Studies of hydride ion conductors using combined spectroscopy techniques

Abstract

This thesis presents research into two superionic conductors: BaH₂ and β-Ca₂NH. The research presented herein explores the diffusion pathway of hydride ions (H⁻) in the solid-state of these materials.

Using novel combined spectroscopic techniques, we show that BaH₂ has a diffusion pathway that involves the partial melting of its crystal lattice. This "liquid-like" sublattice is analysed in detail in order to elucidate the origins of such behaviour as well as provide a physical description of a sublattice manifesting as "liquid-like."
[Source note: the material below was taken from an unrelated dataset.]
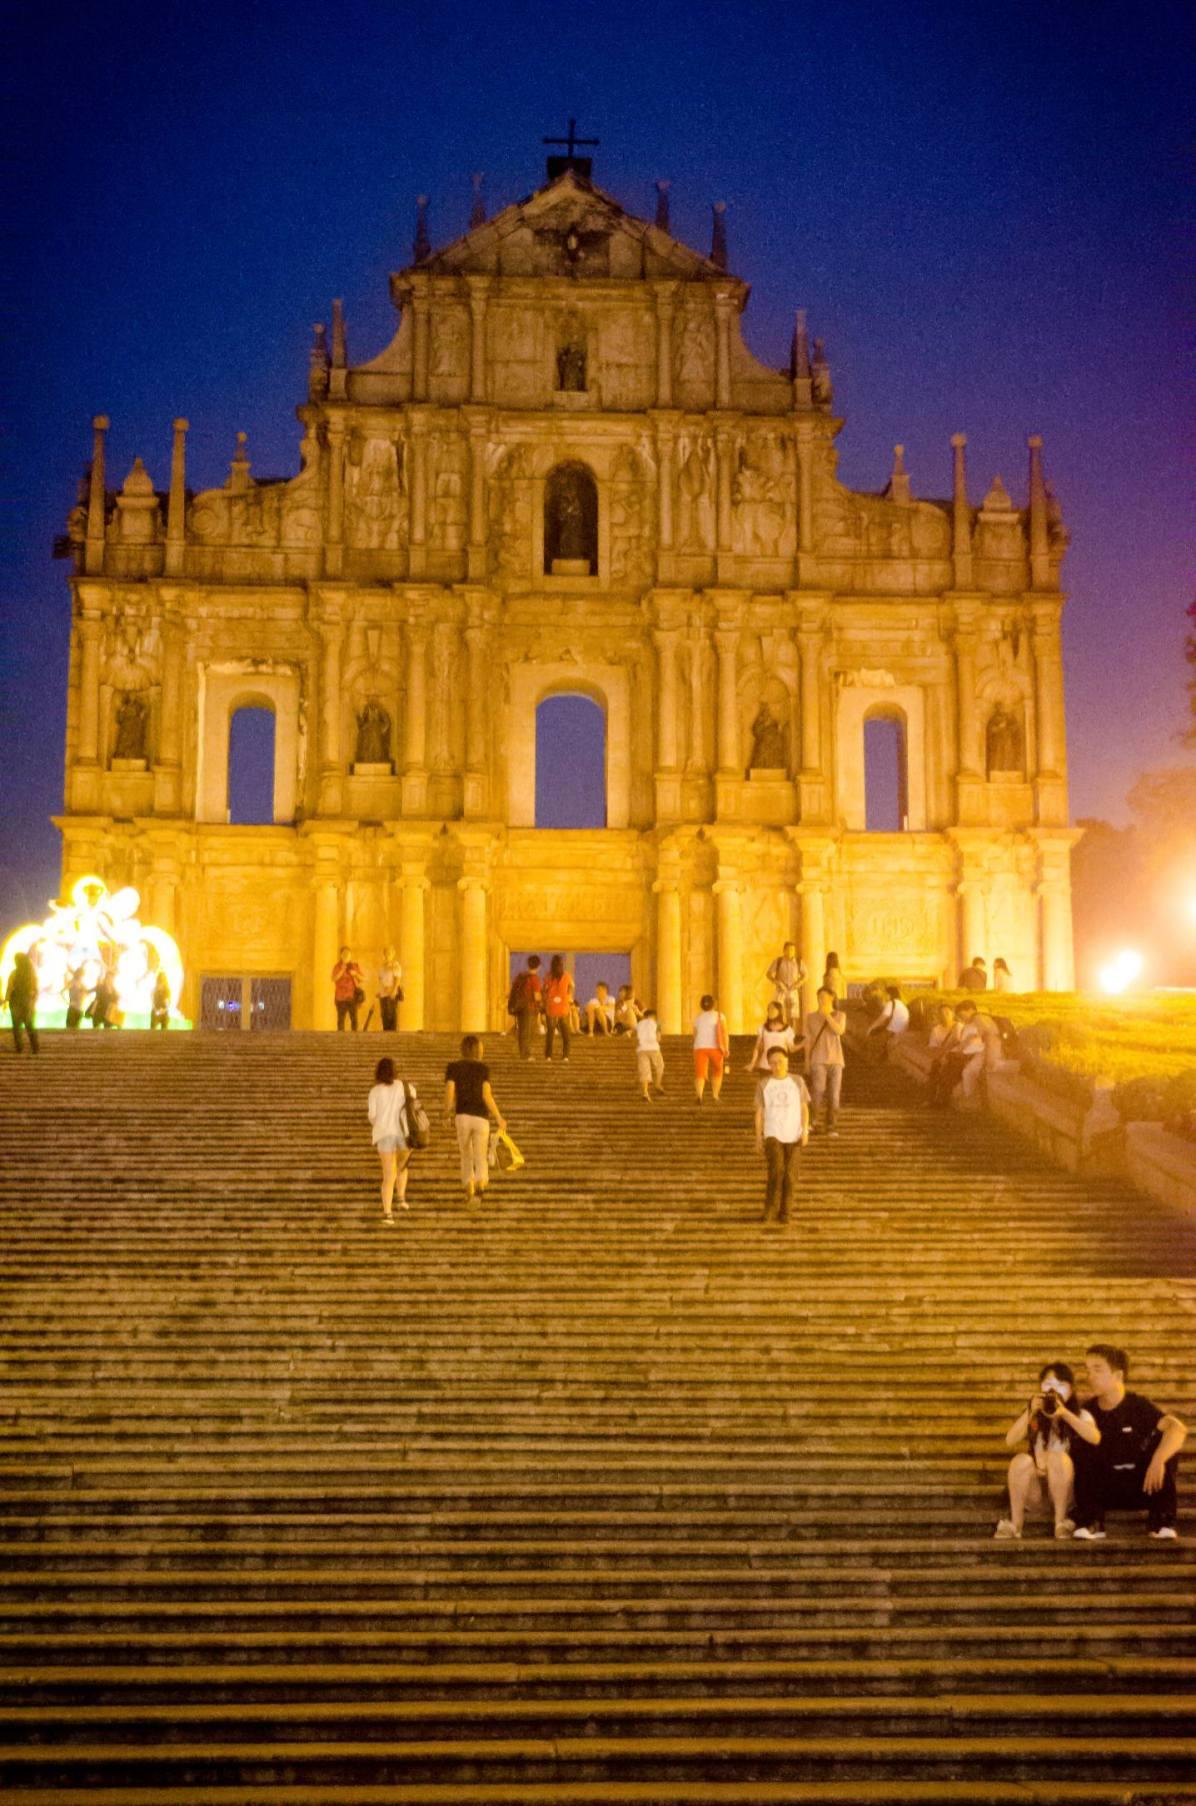 Pays qui profitent le plus du tourisme - Macao - Photo © Cedric Lizotte

The second material explored in this thesis is a novel superionic conductor not previously published, β-Ca2NH. The analysis shows that Ca₂NH (nitride- hydride) materials come in at least two distinct polymorphs, with dramatically different ionic conductivities. Using in situ neutron powder diffraction along with several other techniques, we explore the unique configurations of the different Ca₂NH polymorphs and identify what gives rise to ionic conductivity in one form and not the other. Furthermore, Ca₂NH is contrasted to the closely related imide (NH₂⁻) and amide (NH₂⁻).

Barium hydride is shown to have an ionic conductivity of 0.32 S/cm at 600 ◦C and its conduction due to the presence of a liquid-like sublattice. Calcium nitride-hydride, on the other hand, is shown to have an ionic conductivity of 0.08 S/cm at 600 ◦C and its conduction defined by an intrinsic vacancy concentration created by anti-Frenkel defects. Thus, the thesis explores two excellent solid-state ionic conductors with dramatically different ionic conduction mechanisms.

The synthesis route for the following compounds are detailed in this thesis: BaH₂, BaD₂, Ca₂NH - both polymorphs, CaNH, and Ca(NH₂)₂.